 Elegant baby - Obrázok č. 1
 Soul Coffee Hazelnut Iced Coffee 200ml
----------------
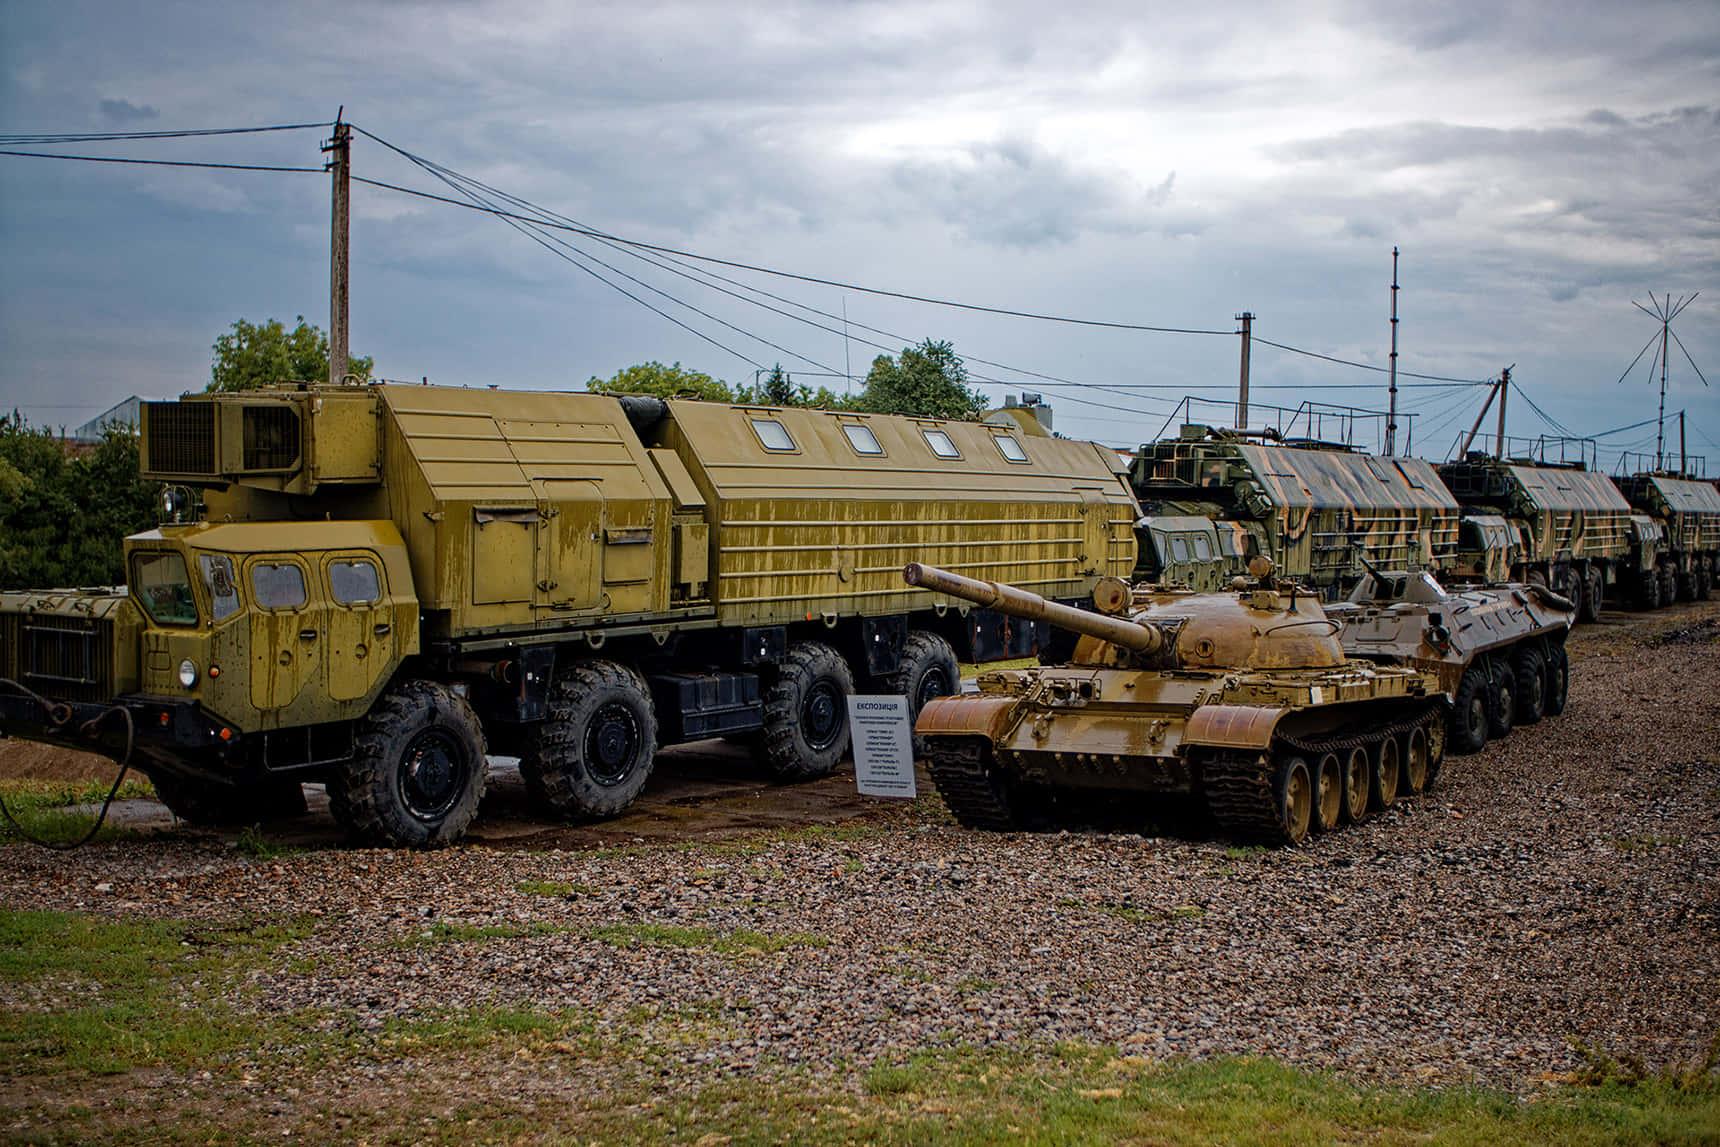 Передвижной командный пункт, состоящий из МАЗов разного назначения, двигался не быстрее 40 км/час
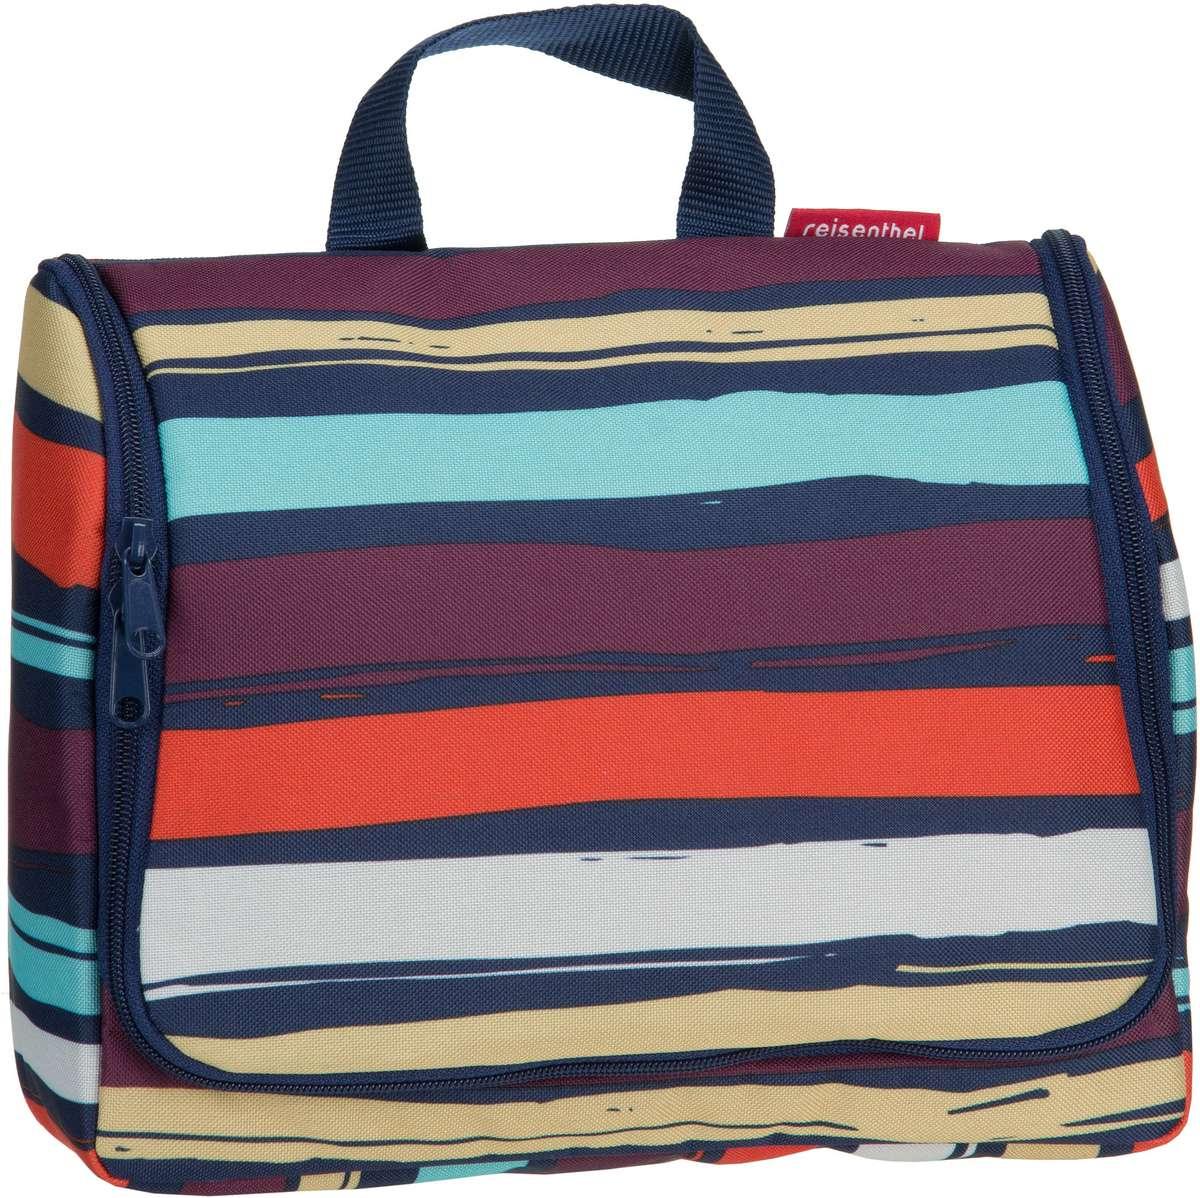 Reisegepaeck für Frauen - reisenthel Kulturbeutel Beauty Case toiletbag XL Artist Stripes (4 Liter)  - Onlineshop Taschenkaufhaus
----------------
> The task: Print exactly the lines above, between the one holding "Elegant baby - Obrázok č. 1" and the one holding "Soul Coffee Hazelnut Iced Coffee 200ml", inclusive, and nothing besides.

> Response area:
 Elegant baby - Obrázok č. 1
 Soul Coffee Hazelnut Iced Coffee 200ml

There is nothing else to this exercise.